A horseman shoots an arrow as part of a performance at the Lithang Horse Festival, Aug. 1, 2006.
Chinese authorities may prohibit horse racing festivities following a stand off at a Tibetan monastery.
Tibetan nomads living in the remote western Chinese province of Gansu may have their annual horse-racing festival canceled this year following the siege of Kirti monastery in neighboring Sichuan.
"They have taken it upon themselves to cancel the horse race, even though there haven't been any problems in Machu (in Chinese, Maqu) county," said Tsoge, a spokesman for the International Campaign for Tibet (ICT) based in northern India.
"This is after the Tibetans of Ngaba prefecture [in the southwestern province of Sichuan] were subjected to that cruel and inhuman incident," he said.
An official who answered the phone at the Machu county tourism bureau said no final decision had been made, however.
"This hasn't been decided yet," the official said. "[The Tibetans] haven't said they want to cancel it."
And an employee who answered the phone at a major travel agent in the provincial capital of Lanzhou said they still had had no confirmation of whether the event—a huge event on the local calendar and a popular tourist attraction—would be going ahead this year.
"They haven't had [horse-racing] in the past couple of years," the employee said. "I'm sure that this is as a result of the March  incidents."
"They canceled it last year, and we haven't heard about this year yet."
He said tourists were still being allowed to travel to Machu county, however.Horse racing
Tibetan horse racing festivals take place across the Kham nomadic regions of western China every summer, drawing thousands of spectators.
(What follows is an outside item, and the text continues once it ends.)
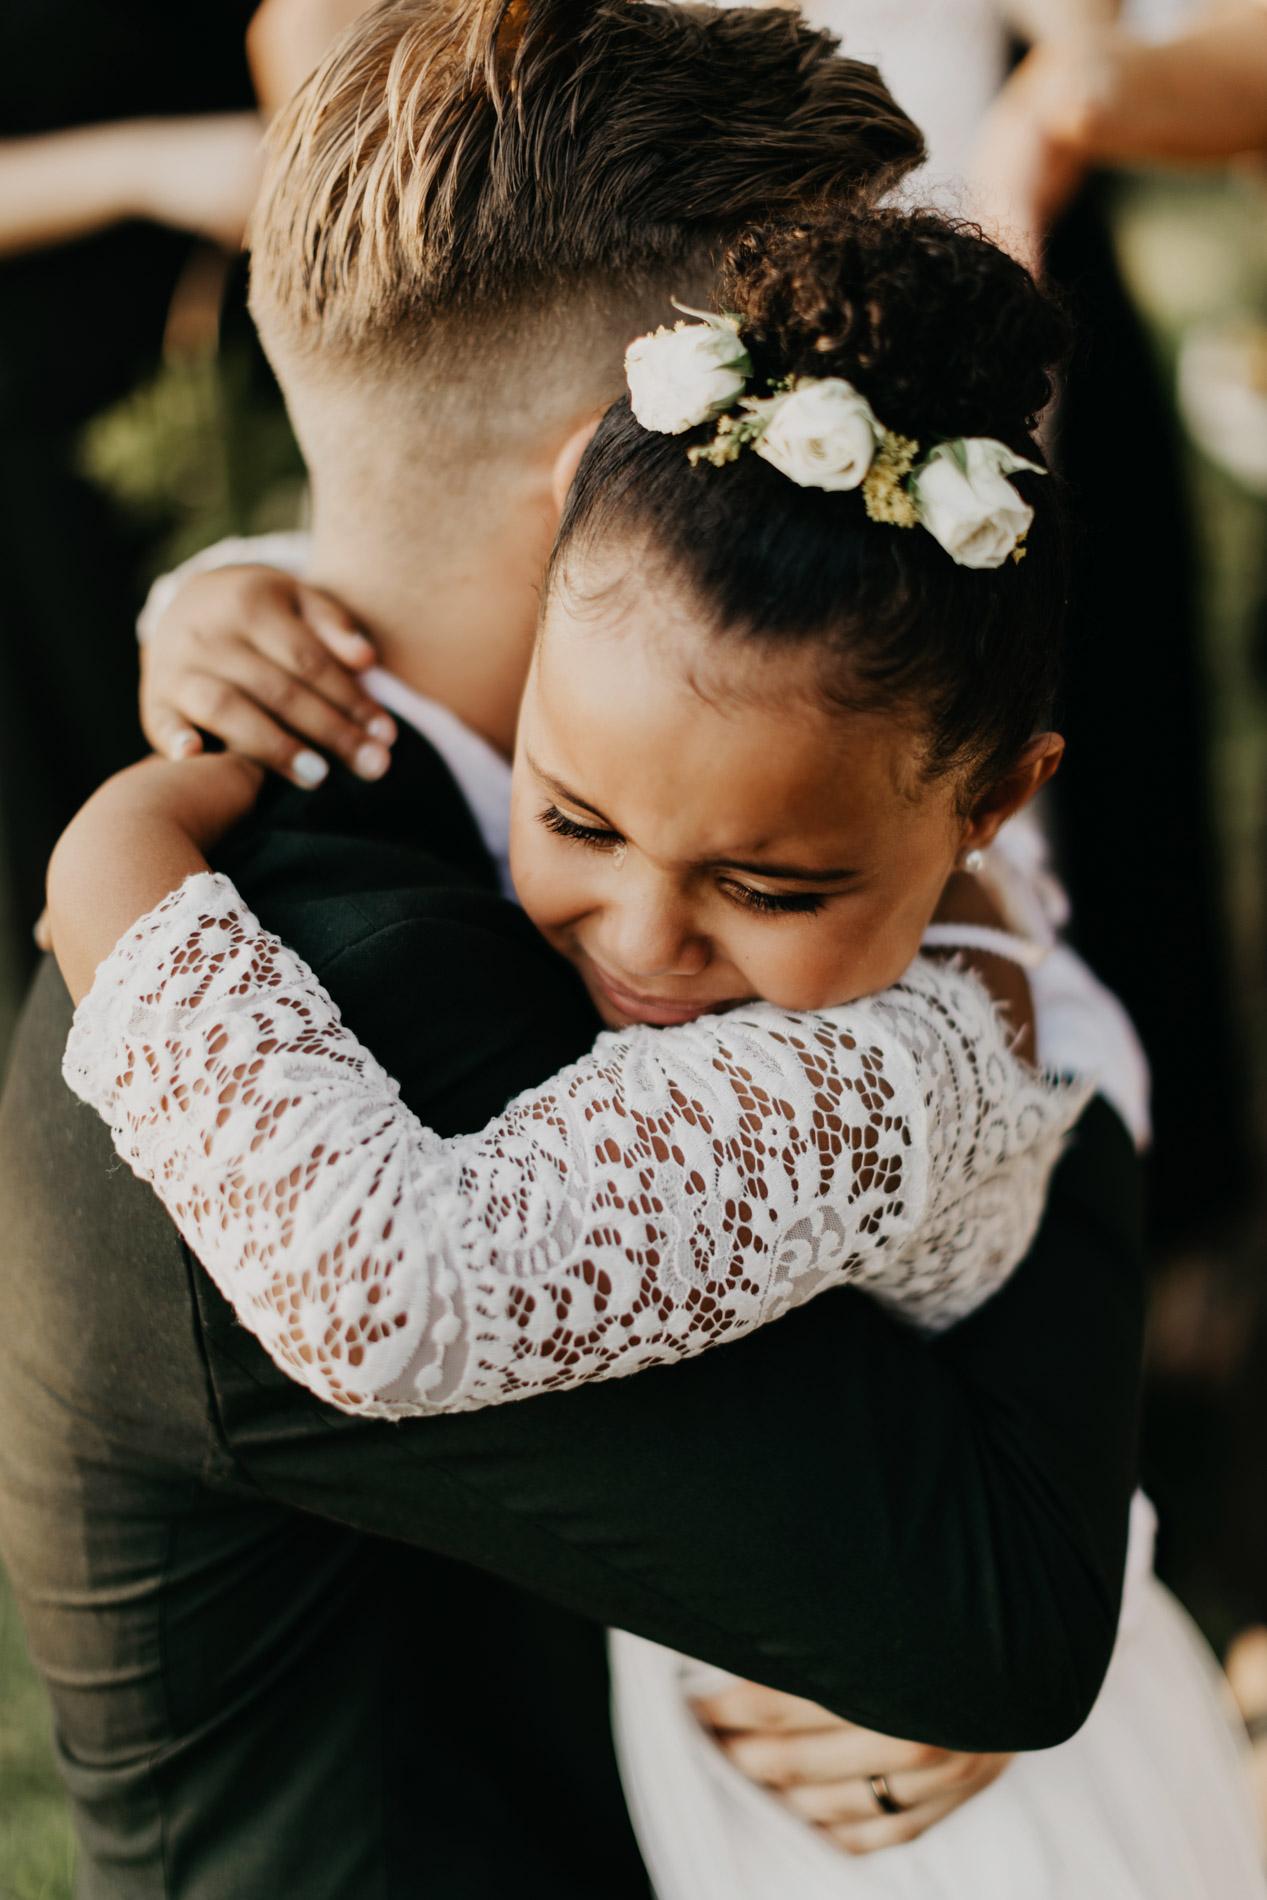 Brides little sister emotionally hugging the groom
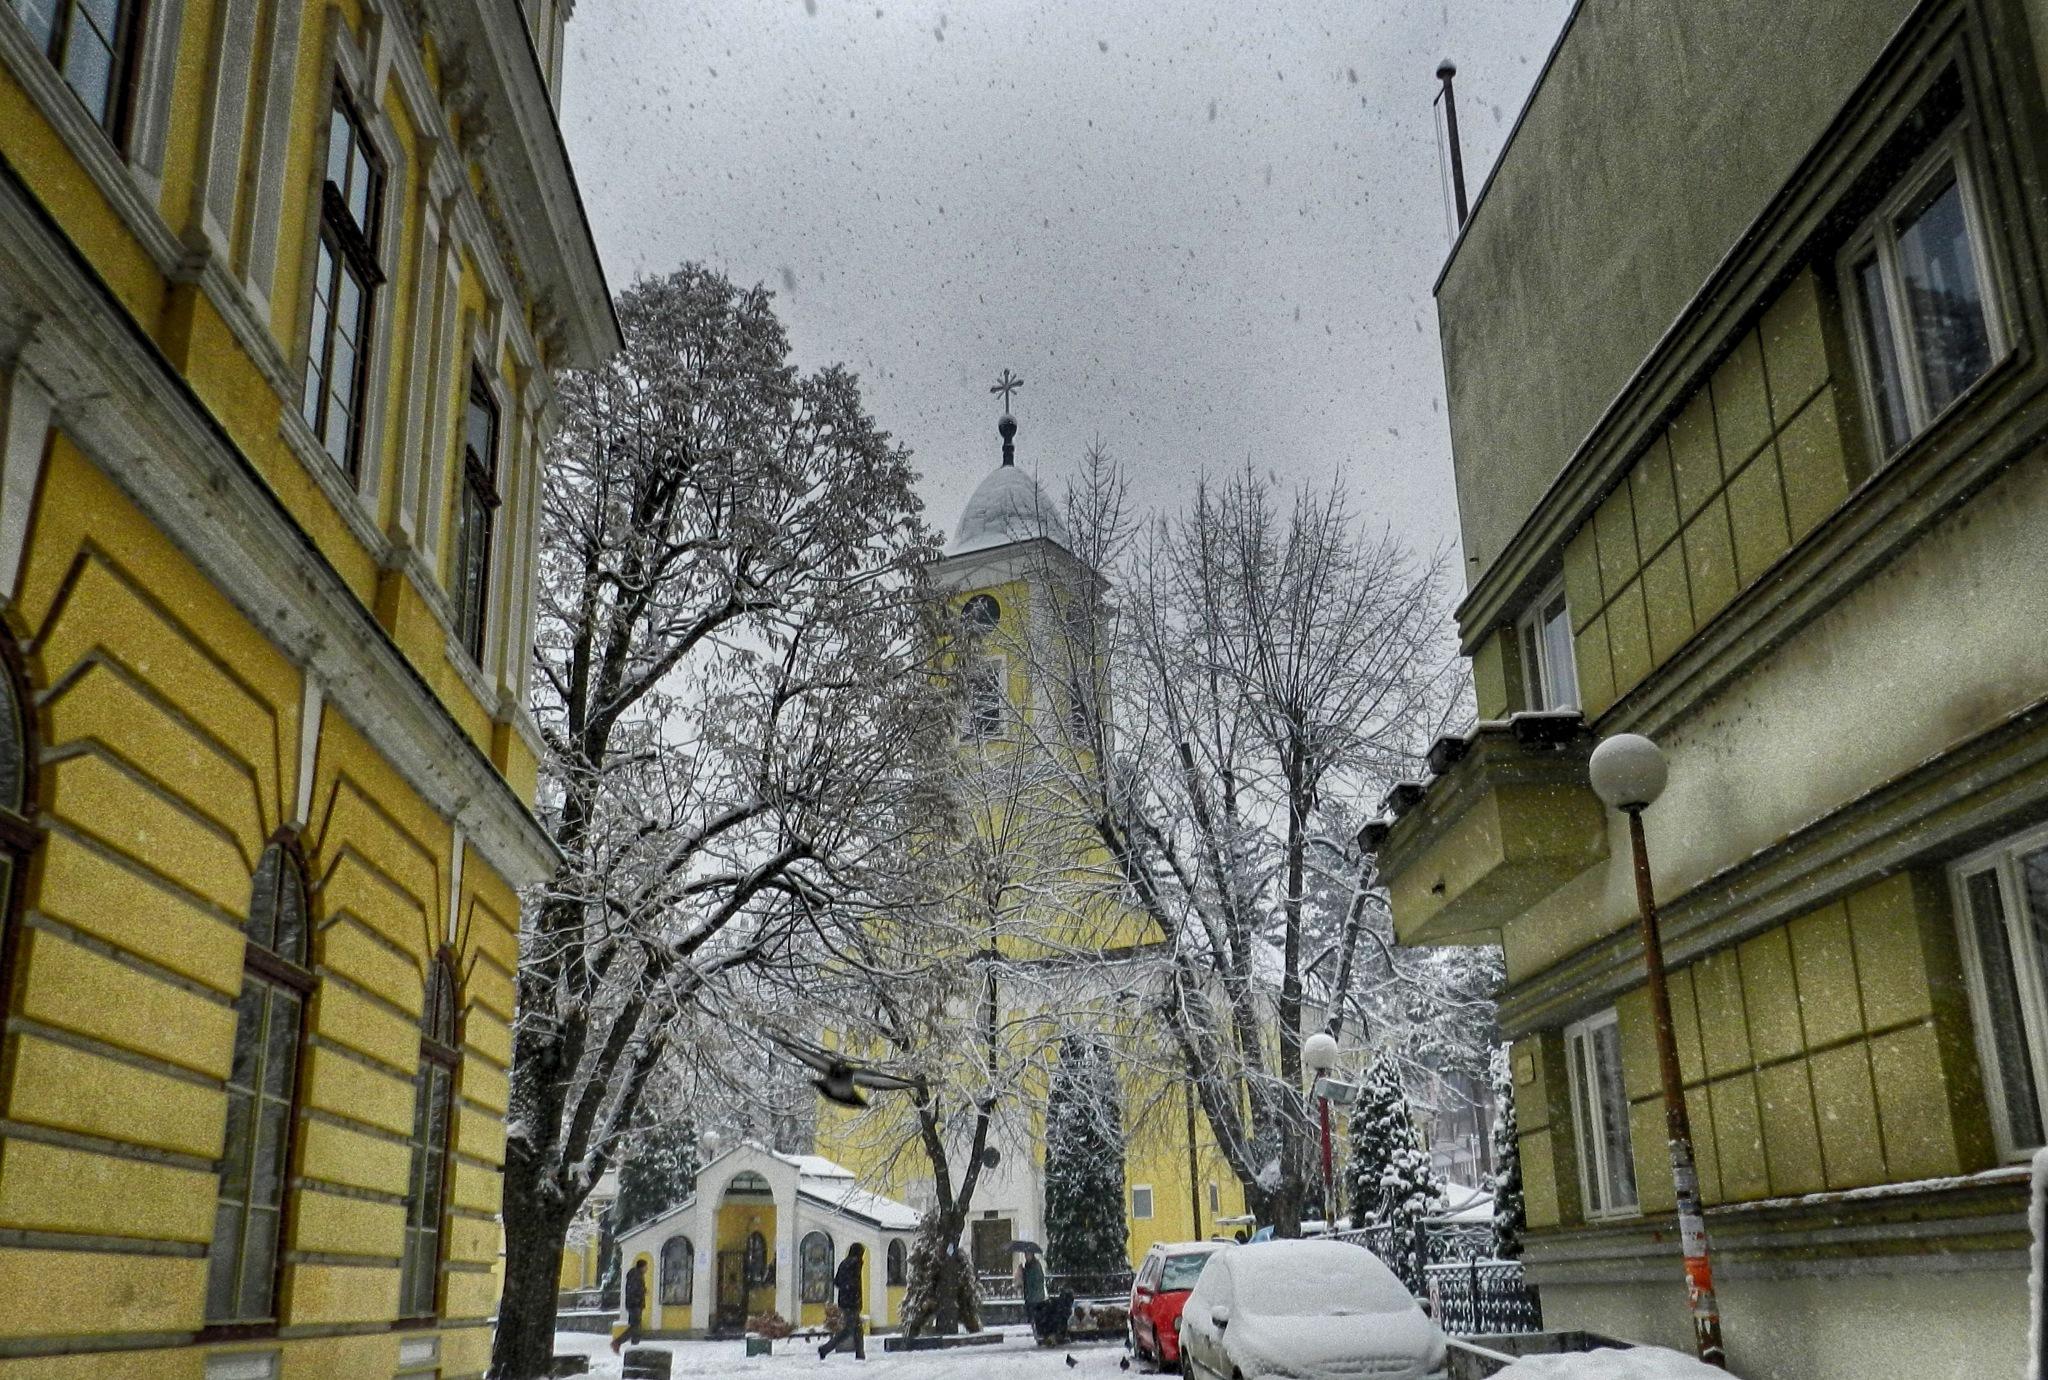 Ужице, Србија  by stevsveto

The authorities in Sichuan's Lithang (in Chinese, Litang) canceled the annual horse race in 2007 after the previous race ended in a violent dispute over alleged government fixing of the result.
Thousands of nomads pitch their tents at the scene of such races, which also boast markets, entertainments and competitions to test bravery and horsemanship.
Chinese security forces launched a huge military crackdown in the region after a monk from Kirti monastery in Ngaba prefecture of Sichuan died in a self-immolation protest on March 17.
Exile sources say the authorities have detained more than 300 Tibetan monks at a besieged monastery in Sichuan, taking them away in buses and brutally beating local Tibetans who attempted to come to their rescue.
Since the protest, monks at Kirti had resisted a forced campaign of “political re-education” following the protest, sparking clashes between police and local people trying to protect the monks.